Summary Basis of Decision for Ayvakyt

Refer to the What steps led to the approval of Ayvakyt? section for more information about the review process for this submission.

Clinical Pharmacology

Avapritinib, the medicinal ingredient in Ayvakyt, is a tyrosine kinase inhibitor that targets KIT D816V, platelet-derived growth factor receptor α (PDGFRA), and PDGFRA D842 mutants as well as multiple KIT exon 11, KIT exon 11/17, and KIT exon 17 mutants with half maximal inhibitory concentrations (IC50) below 28 nM in biochemical assays. The constitutive activation of KIT and PDGFRA receptor tyrosine kinases have been implicated in the pathogenesis of a number of oncology malignancies and rare hematologic diseases. In cellular assays, avapritinib inhibited the autophosphorylation of KIT D816V and PDGFRA D842V with IC50 of 4 nM and 30 nM, respectively, and was less potent against wild-type KIT. Further, avapritinib inhibited the proliferation in KIT mutant cell lines, including a murine mastocytoma cell line and a human mast cell leukemia cell line.
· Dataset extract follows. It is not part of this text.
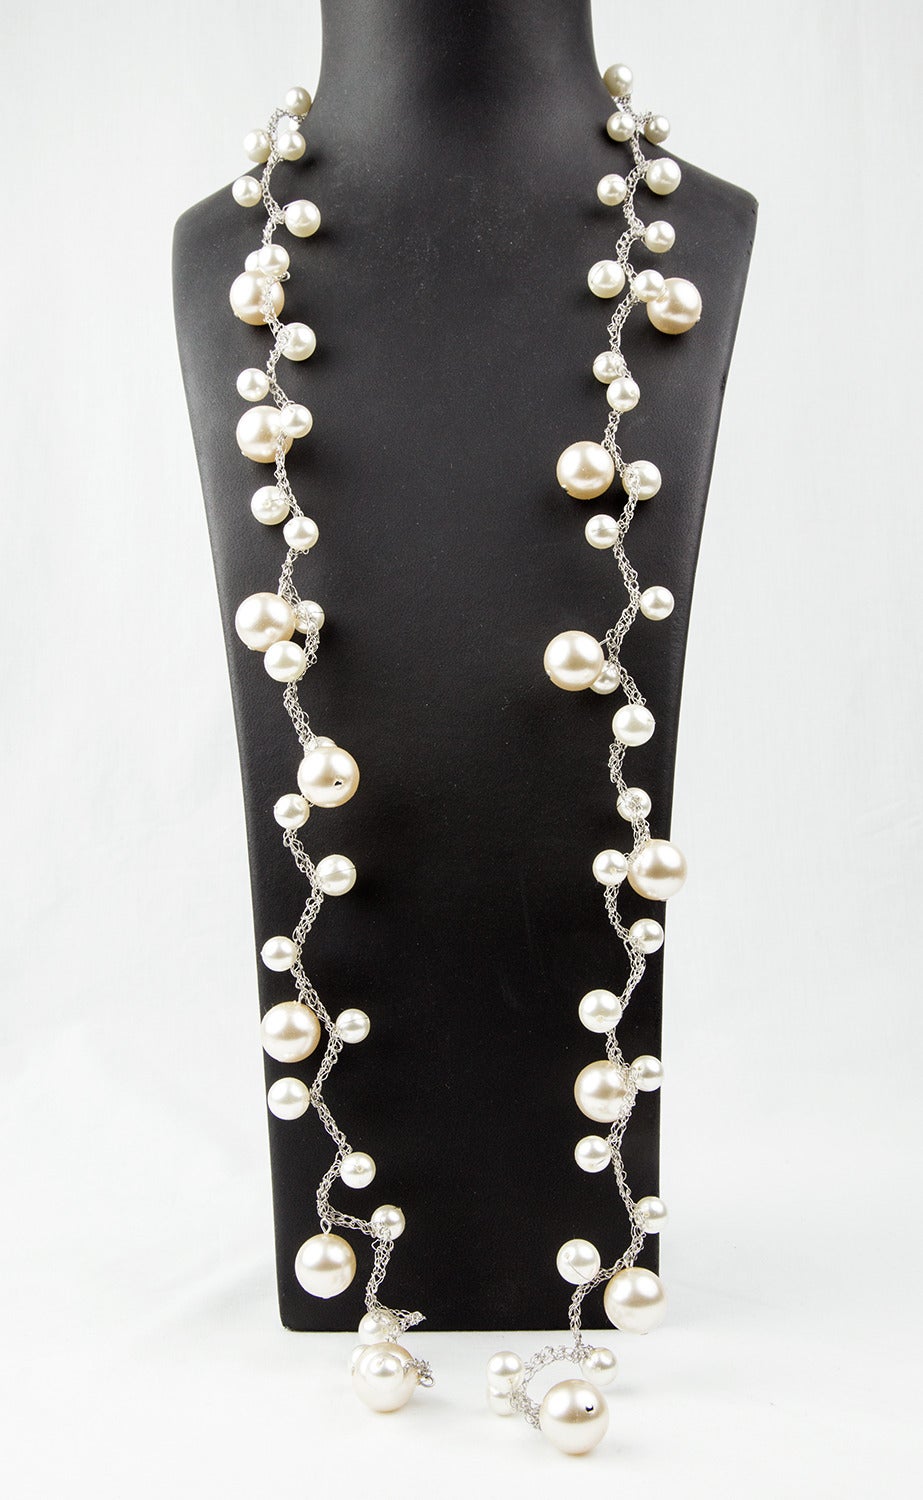 La magie des perles ! Long et élégant collier de fausses perles composé de fausses perles rondes graduées sur une chaîne en fil de fer tressé ; les perles mesurent environ 18 mm pour les grandes, 12 mm pour les moyennes et 10,5 mm pour les petites ;

Avapritinib also showed growth inhibitory activity in a xenograft model of murine mastocytoma with a KIT exon 17 mutation.

The clinical pharmacology of avapritinib with single and multiple dosing has been studied in healthy subjects and in patients with gastrointestinal stromal tumours (GIST) and advanced systemic mastocytosis (AdvSM).

Conclusions derived from data collected in clinical trials conducted with the use of avapritinib capsules may be considered applicable to the tablet formulation currently proposed for the Canadian market given the comparable exposure (area under the plasma concentration-time curve [AUC] and maximum concentration [C_max]) demonstrated between the two formulations in a bridging study. Dose proportionality of exposure between the 400 mg and 100 mg tablets and for the dose range of 30 g to 400 mg demonstrated in the pharmacokinetic studies shows that the pharmacokinetic results from the studies conducted using the 25 mg and 100 mg strengths can be extrapolated to the other proposed strengths of Ayvakyt which were not used in the pivotal safety and efficacy studies.

Steady state concentrations of avapritinib were reached by Day 15 following once daily dosing at the recommended dose of 200 mg where the geometric mean C_max was 377 ng/mL (percentage of coefficient of variation [CV%]: 62%), the AUC over 24 hours (AUC_0-24) was 6,600 h*ng/mL (CV%: 54%), and the ratio of clearance to bioavailability (CL/F) was 29.7 L/h (CV%: 104% ). The median time to peak concentration (T_max) was 4.03 h and the half life (t_1/2) was 39.4 h. The apparent volume of distribution (Vz/F) of avapritinib of 1,780 L (CV%: 36%) indicates extensive distribution into tissues from plasma.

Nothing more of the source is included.